February 28, 2011
I have a few remarks to make about my
ConcurrentList<T> class, which I have written about a couple of times already.
What, are you "retreating" from your concurrent list idea? In a way, yes. Let me explain. From the beginning, my concept of the usefulness of a lock-free
IList<T> implementation was that it would scale better than using a
lock statements by eliminating contention when many threads are accessing the list concurrently.
Is this actually true? Accessing the list
Since a concurrent implementation of
RemoveAt etc. is not supported in
ConcurrentList<T>, there are really only a few operations that need to be considered:
- Getting/setting an item at a specified index
- Adding to the list
- Iterating over the list
Critically, I think the assumption is that one would need a lock-free data structure to optimize the scenario where multiple threads may be reading from the list (via accessing items at random indexes) while one or more other threads are adding to it. I actually don't think you need a lock-free data structure for this at all.

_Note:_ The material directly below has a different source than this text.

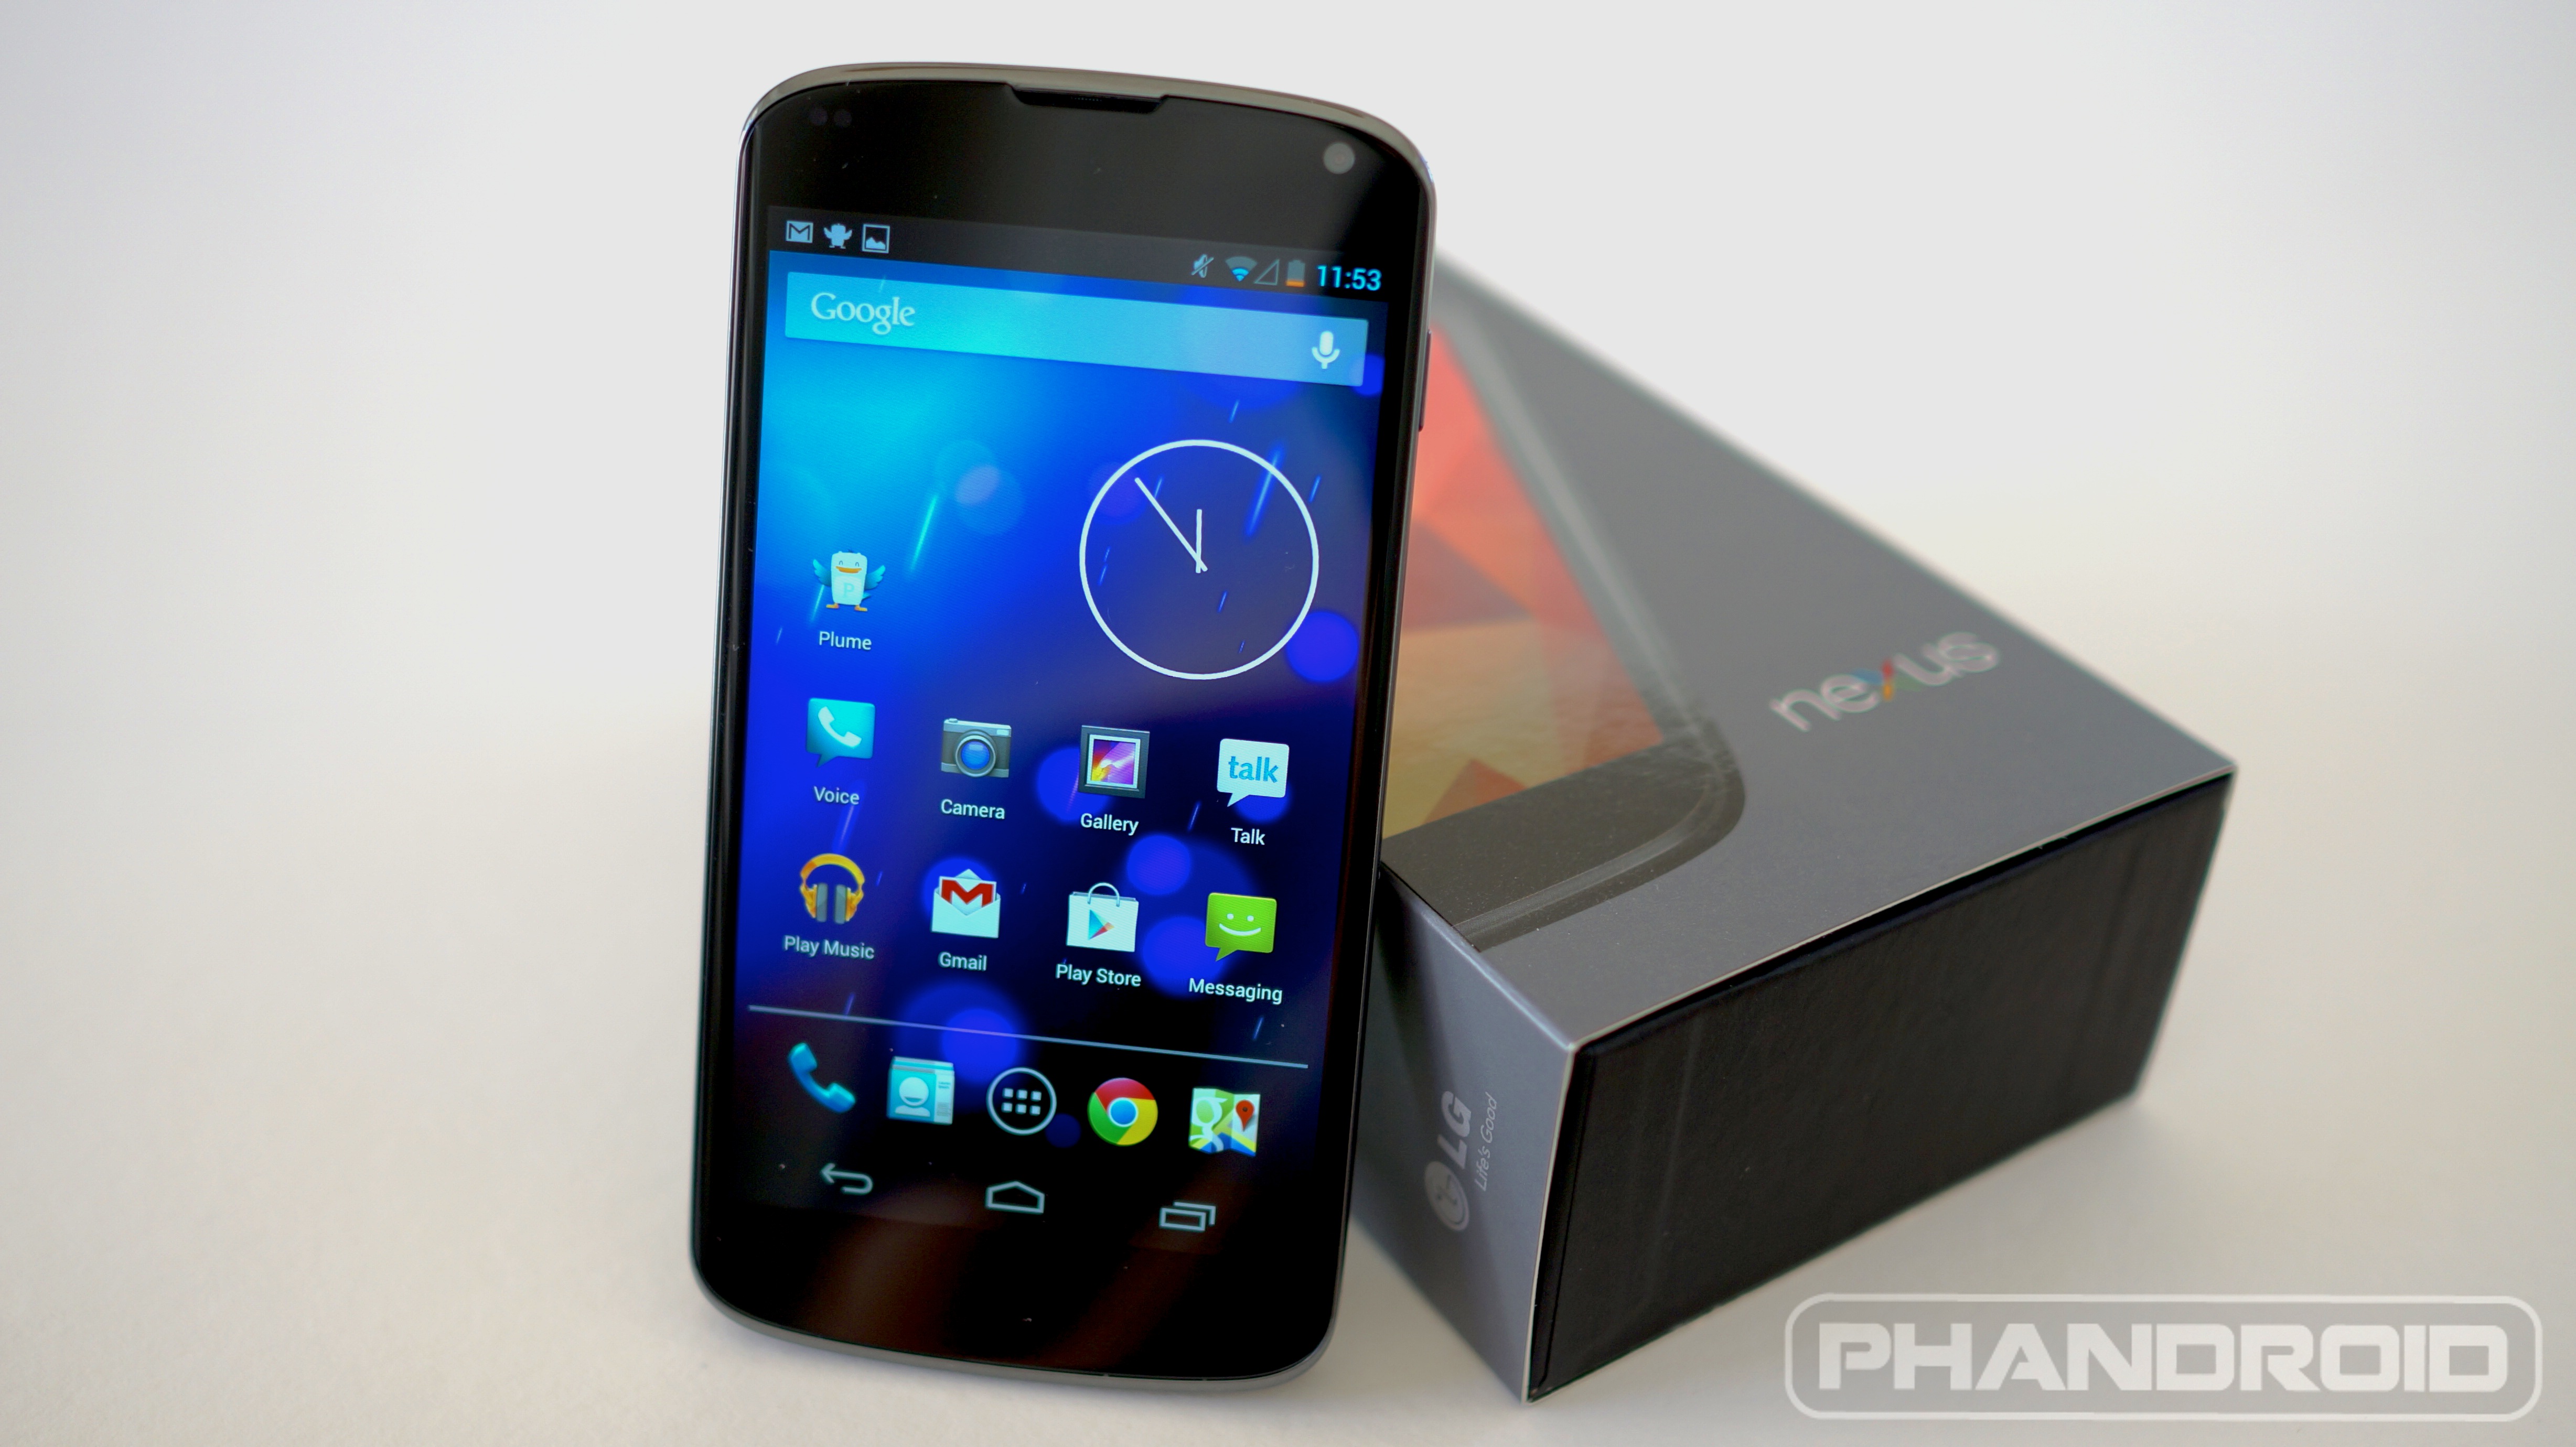 Nexus 4 Review: Budget-Friendly Yet High-End

Here's the thing: if you've got a
List<T>, and you synchronize all calls to
Add with, e.g., a
lock statement, you don't need to also synchronize reads. They will always be thread-safe. Accessing an element at an index of a
List<T> that is only growing with calls to
Add will work from multiple threads. If you are skeptical, consider what actually happens when
Add is called (warning: reliance upon specific implementation details ahead!):
List<T>gets the next available index in its internal array.
- If the index is beyond the end of the array:
- A new array is allocated.
- The elements of the current array are copied over.
- A reference to this new array is assigned to the
List<T>'s internal array field.
- The element in the array at the index found in step 1 is assigned to the input value.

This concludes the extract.